He was completely motionless now but listening attentively. Despite his most concentrated attempts at achieving a state of total relaxation as he lay here, he knew deep within that he was too nervous to relax now. His entire body was still rigid with the same tension that had quickly seized possession of him when the birds had launched into song. Since that moment, and in just one single instant, he could sense how every solitary nerve in his body drew as taut as the horsehair on some vintage concert violinist’s bow. His arms and legs seemed to him to be locked so rigidly that he could neither command them to move nor could he actually get them to hold still. With his arms shivering ever so lightly then, Ch.ase felt as helpless as he reckoned a quadriplegic might in such a situation. A pronounced ache began making itself noticeable, arching upward through his shoulders and neck, spreading speedily into and across the back of his head. As he concentrated on taking another series of deep breaths, exhaling long and hard each time as though he were in labor giving birth to a nightmare, Ch.ase shut his eyes tightly again and continued to do his best at yet another attempt at relaxation. In between breaths, he reached for the tablets and opened the vial. He tapped two pills onto the palm of his left hand and swallowed them without water.

And, of course, all the while he could not stop listening.

By this time, however, he wasn’t really sure of what he was hearing anymore, as the rising tidal rush and roar of blood in his ears was actually just as deafening to him as the perceived chatter of the birds. It sounded to him like a fast-running stream gushing forth, circulating erratically and splashing wild foamy corpuscles through the countless tiny canyon-like channels that this river had eroded within the cavities of his skull.

Was this maybe the heavy metal version of tinnitus? Or was he only slowly but surely losing his mind?

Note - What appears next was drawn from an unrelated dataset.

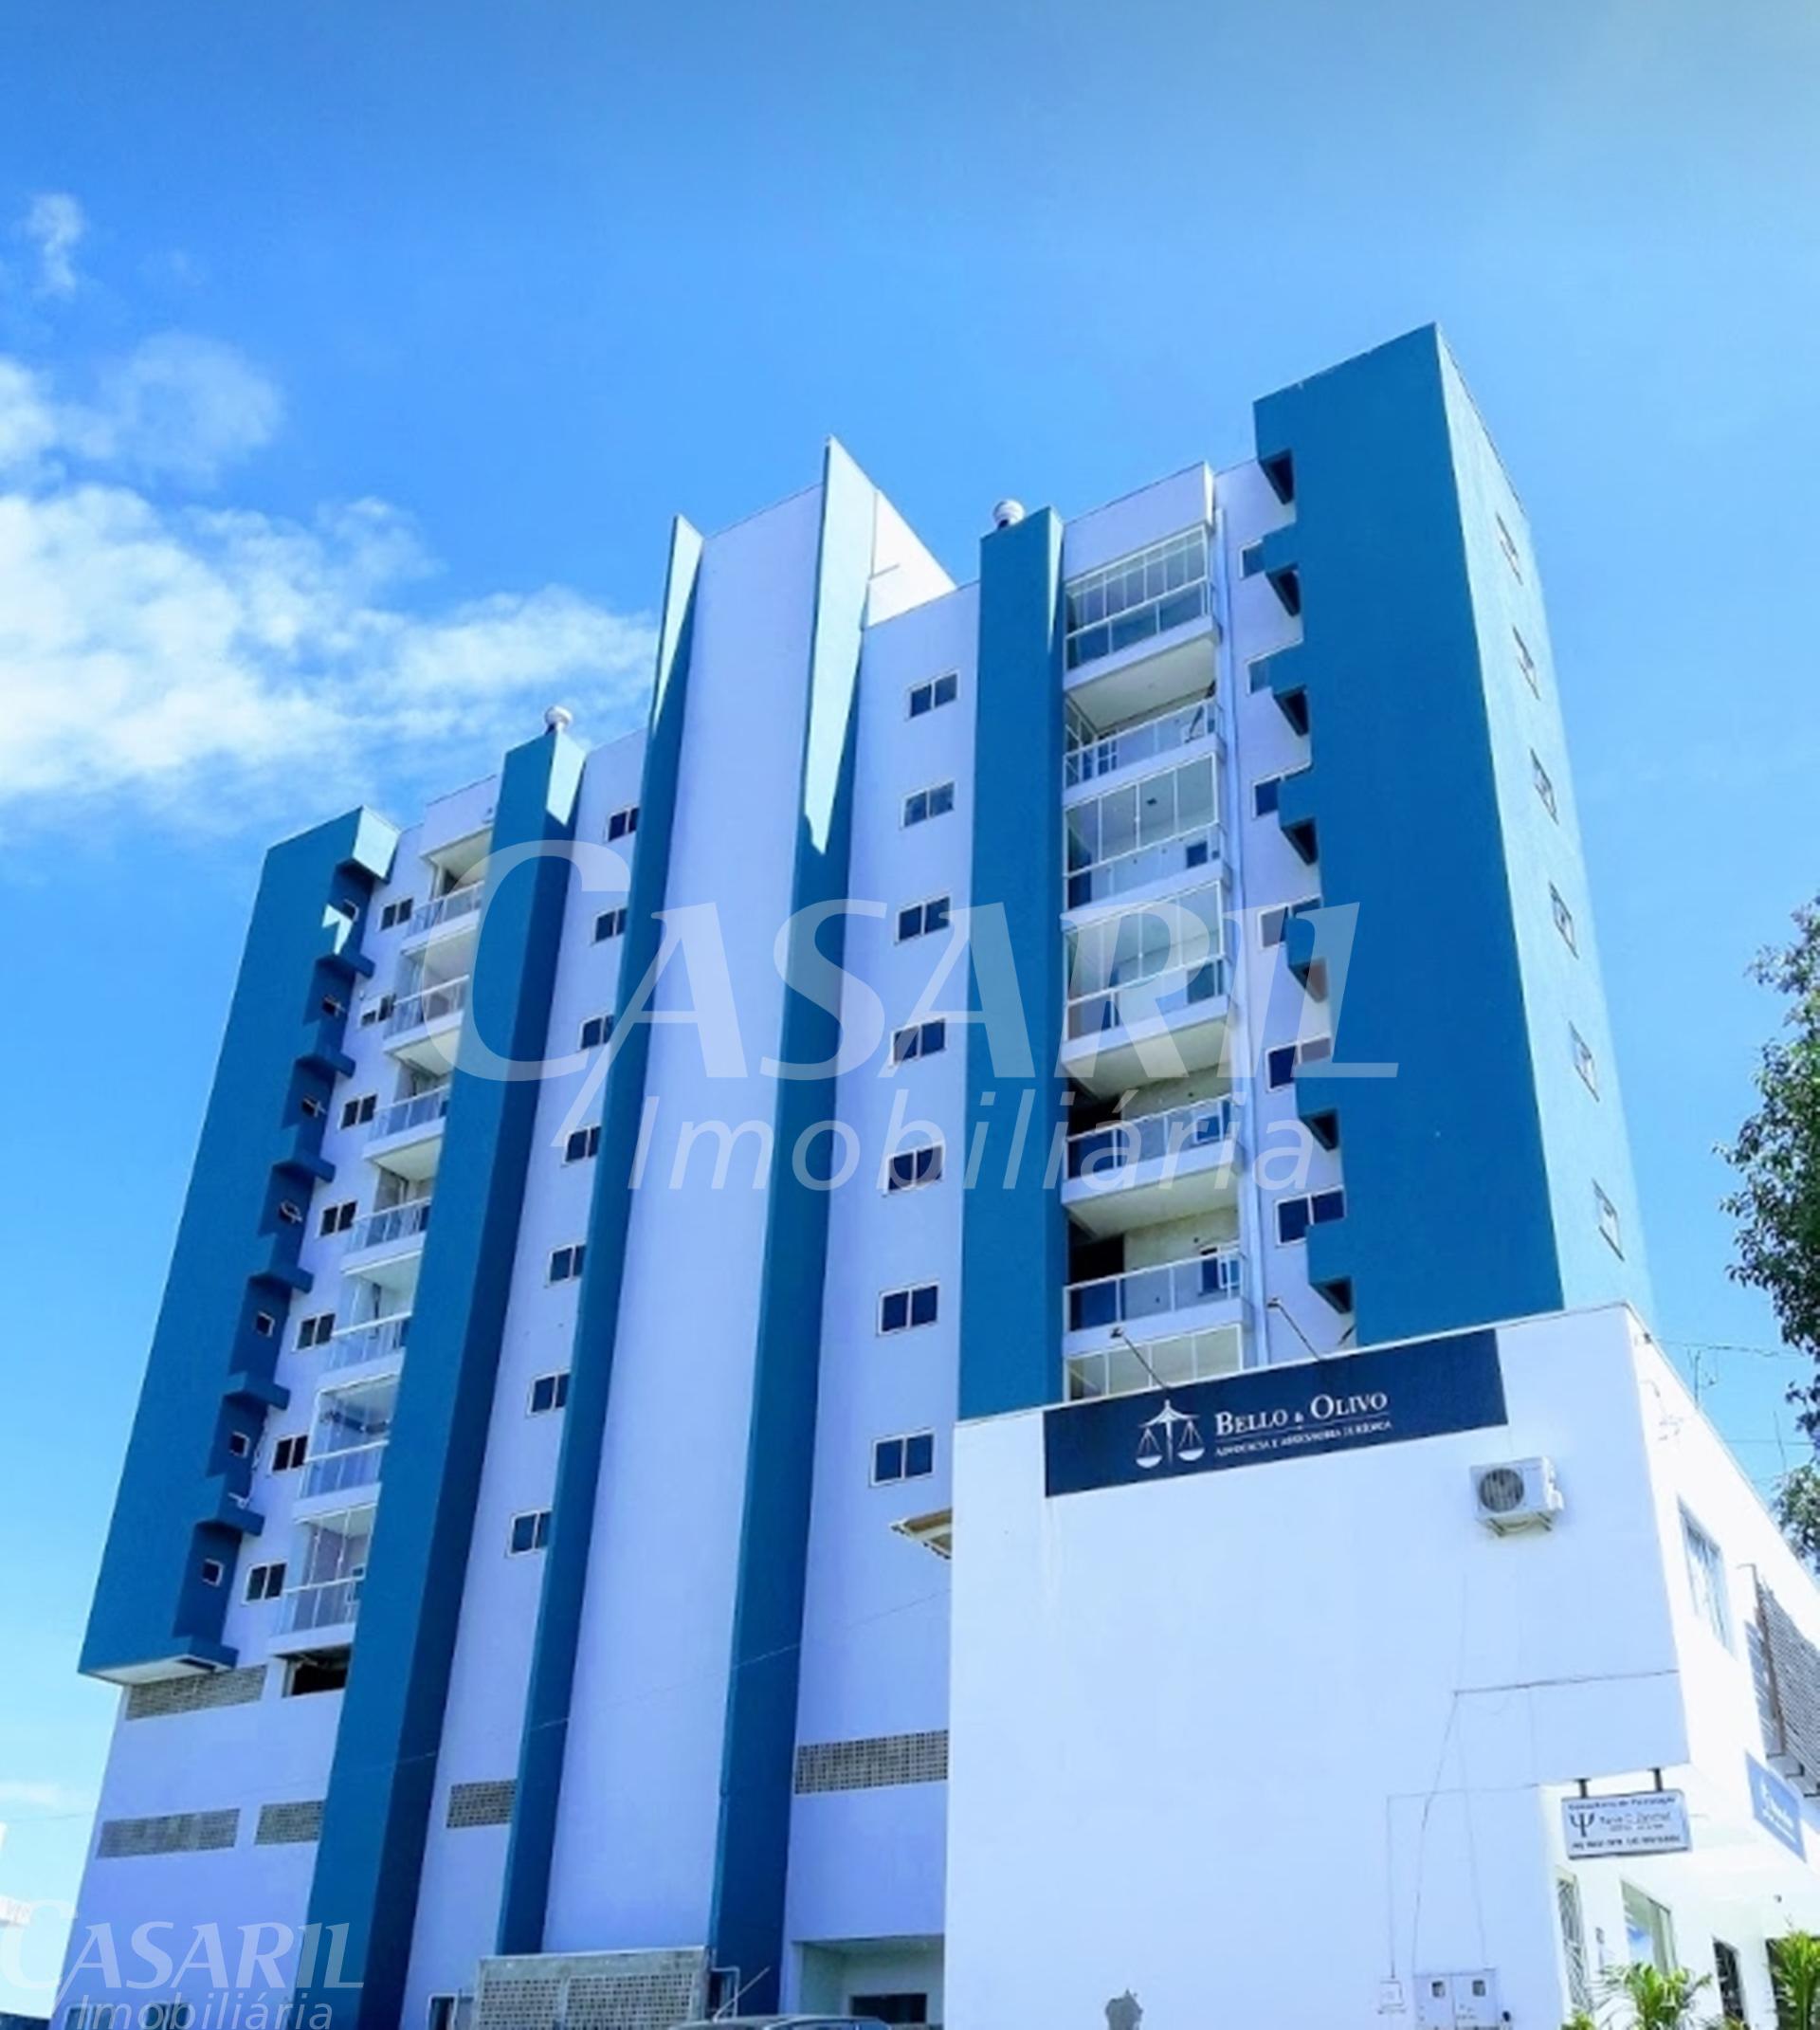 Apartamento Com 3 Dormitórios À Venda,180.00 M², Cango, Francisco Beltrao - Pr

Maybe this was what the Big Eddy of nervous breakdowns felt like when it came on?

Slowly, though, he regained the upper hand and sensed himself capturing control of his body again. Ultimately, he succeeded in returning to a state of lying completely motionless on the bed. The shaking was done and over, things were going to be alright after all. He was doing his utmost to retain control over himself, determined to face down the last of the still recurring waves of tension that braced his body, albeit in diminishing cycles.

He lay there, just listening. Just closing his eyes.

Breathing in deeply.

Exhaling slowly, as though he were trying to blow out a candle that was a mile away.

In situations like this, he was often tempted to finally try some form of stronger meditation or perhaps astral traveling. He longed in such moments to possess the ability to simply sever all the bonds to his own body and self at will, straining hard to imagine what it would be like to allow his mind the luxury and the freedom to simply wander off–examining, for example, the prodigious assembly of colorful songbirds which he thought could be found gathered in the apex of a lush canopy of green foliage directly outside the open window of his bedroom.

He seldom got very far however. In fact, he usually tended to spend most of the time pondering whether it was even at all possible to succeed at astral traveling if one had to work as diligently at it as he was doing.

So, as a kind of diversion, he would in such moments regularly resort to considering how it happened that the birds always managed to get to their roosting place without his ever once having noticed their movements.

And, in a further exercise in distraction, he often tried imagining where they might have come from in the first place.

In his mind’s eye, he sometimes actually briefly succeeded in becoming a detached observer to this avian spectacle. He would find himself watching intently as they stealthily amassed in the last fleeting light of the evening, diminutive shadows that hustled silently and quickly to and fro, through the soft, blue-black velvet blackening sky hanging on the peripheral fringes of twilight.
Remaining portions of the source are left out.